至少讓她回憶起了一些藏在腦海深處不願意回憶起來的東西。
讓她成功想起來,她到底是為了什麼才走到今天這一步的了。
也許之前的她在想著把這些東西藏起來,像是個膽小鬼一樣,躲到一個不會被這些東西影響到的地方。
可是……
現在的她不一樣。
她很痛苦,但是痛苦同樣也是催促他面對的理由。
眼前這個面具人說得對。
她是個病人,病入膏肓的人。
可即便是如此,她也想要自己給自己治病。
「就當是感謝你們讓我找到病根吧。」
穆晚收回目光,轉過身,背對著寧瑤池。
「我今晚放過你們一次,但僅僅就只有這一次了,下次見面,我保證把你們緝拿歸案。」
留下這句話,她毫不猶豫邁步朝著外面走去。
被吊著的寧瑤池注視著她的背影,高聲疾呼。
「你一定還想要再見到我們的!」
她的語氣裡面充滿了篤定。
但卻讓穆晚不屑一顧,連頭都懶得回上一下。
寧瑤池的聲音還在後面響起。
「只不過下一次你就沒有像現在這樣的機會了!」
「穆晚,你最好一輩子別後悔!」
「放心,我絕對不會後悔。
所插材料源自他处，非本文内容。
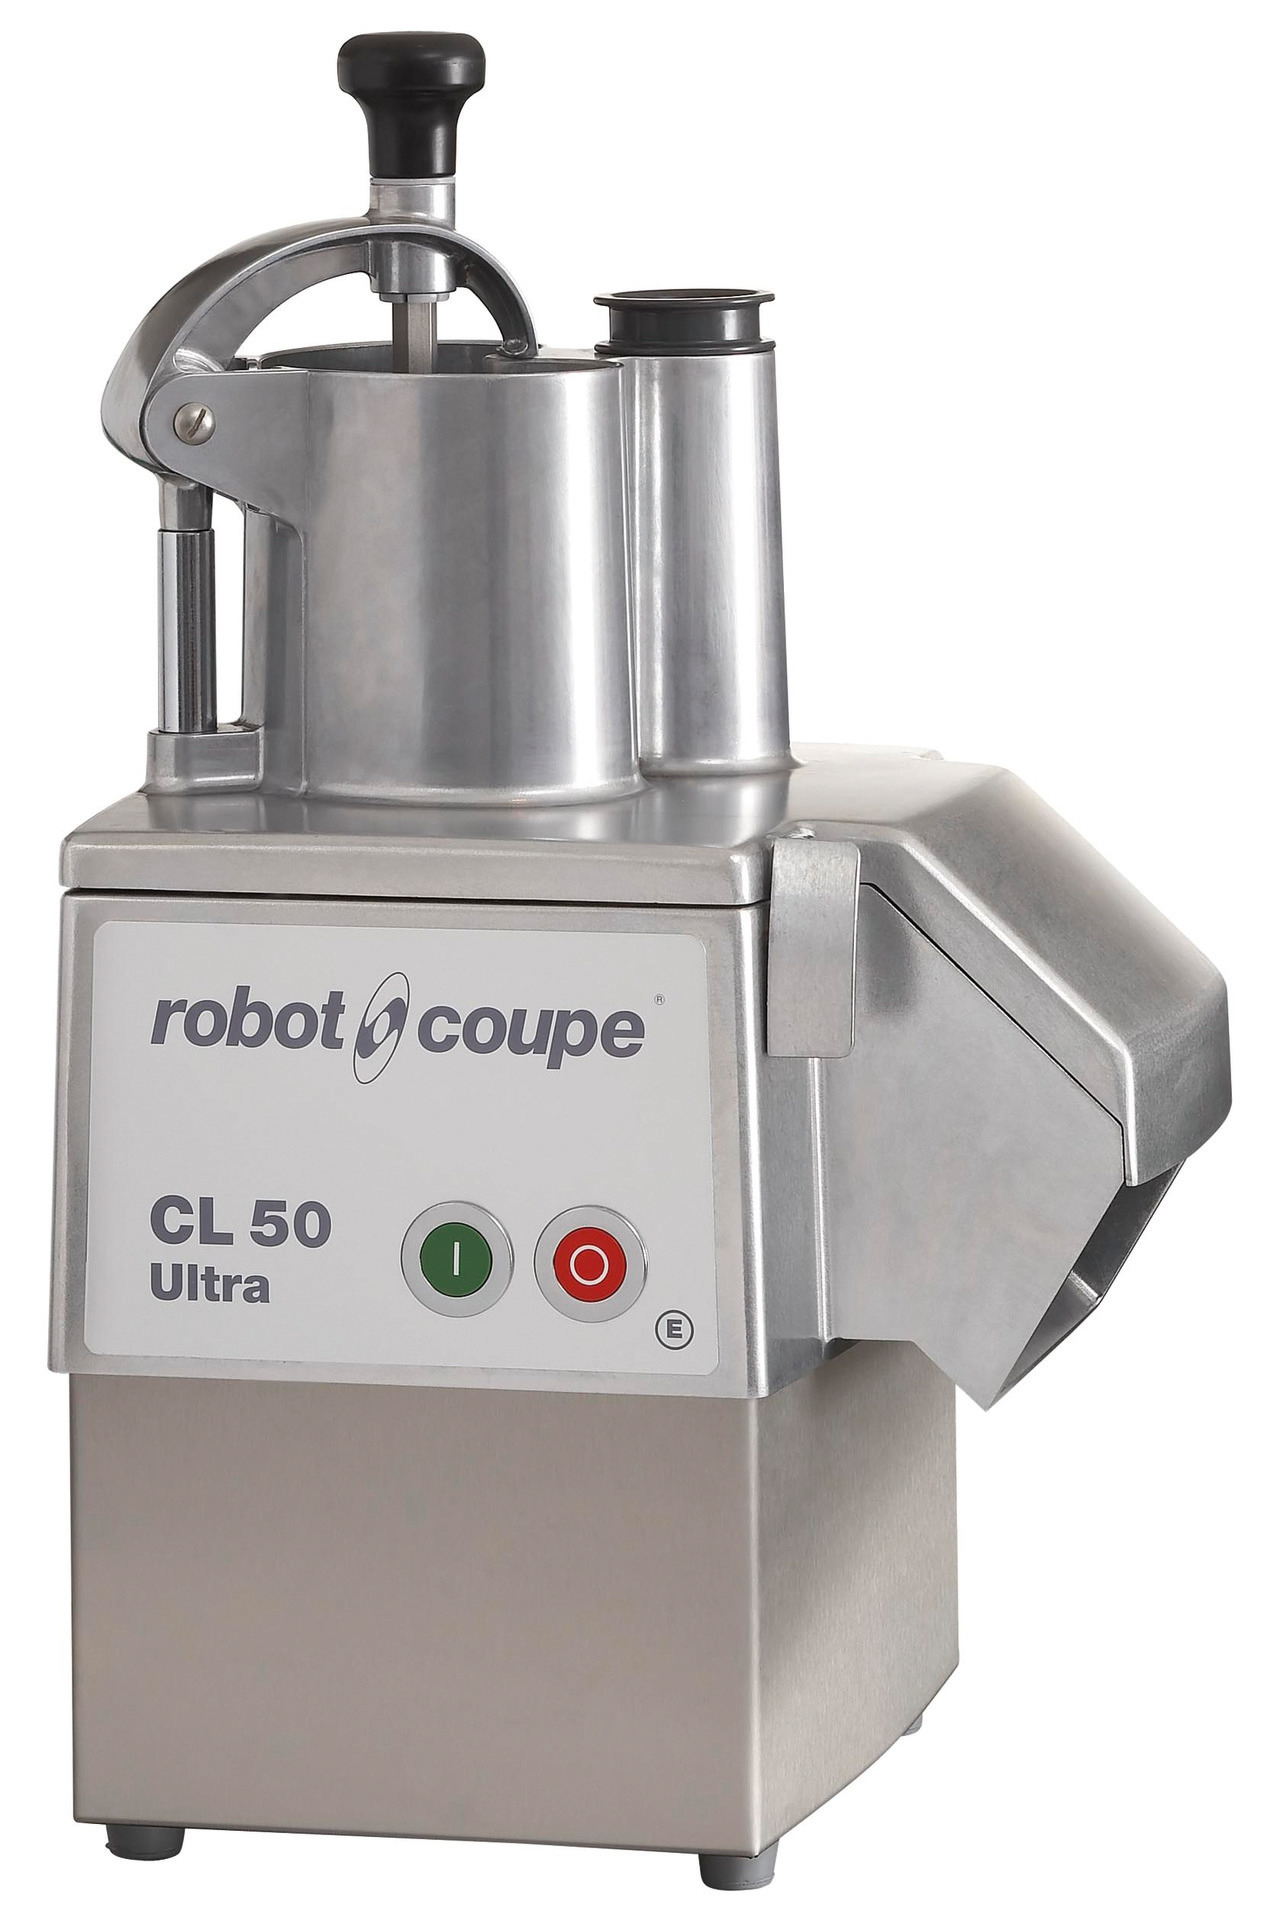 GEMÜSESCHNEIDER ROBOT CL 50 ULTRA 230 V, 550 W., Lieferung ohne Scheiben, # 24465
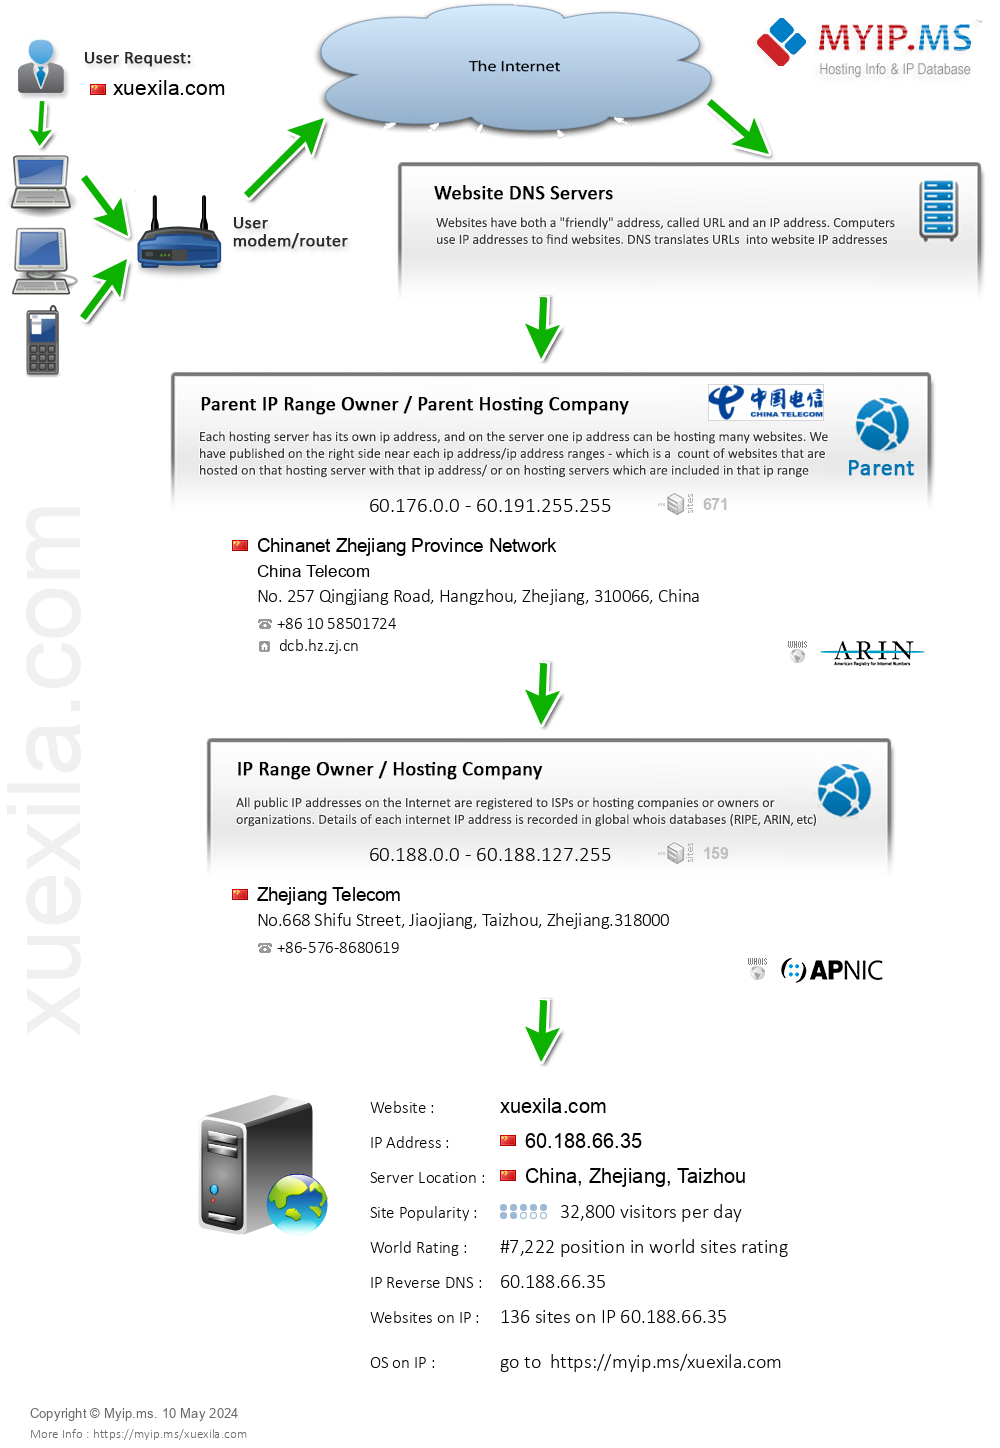 Xuexila.com - Website Hosting Visual IP Diagram

」
穆晚握住門把手,猛地一拽。
叮鈴。
風鈴響起。
門被打開。
她二話不說,直接一頭扎進了門外的世界。
今晚,就只是她作為城衛司副司使的一次任性罷了。
後悔?
那是給能後悔的人說的。
但這一次,到了她這裡,恐怕如意店的這個記錄第一次被打破了。
他們用別人如意來換自己如意,這一次,總算是如意不了吧。
想到這裡,她看著遠處的夜色,目光明亮,隨即二話不說,直接一步邁出,朝著遠處而去。
如意店內。
那捆綁著的絲線瞬間被收回,消失的無影無蹤。
寧瑤池的身體從高處落下,無力跌坐在了地上。
她低著頭,因為有著面具根本讓人看不到她如今的表情如何。
但是……
緊接著,她就緩緩抬起頭,朝著那緊閉的房門看去。
那原本深邃的目光頓時發生了變化。
眉眼似乎在一瞬間上挑了些許。
所有的一切都和計劃當中要求的別無二致。
她這部分任務……算是圓滿完成了。
那接下來,可就要看其他人的了。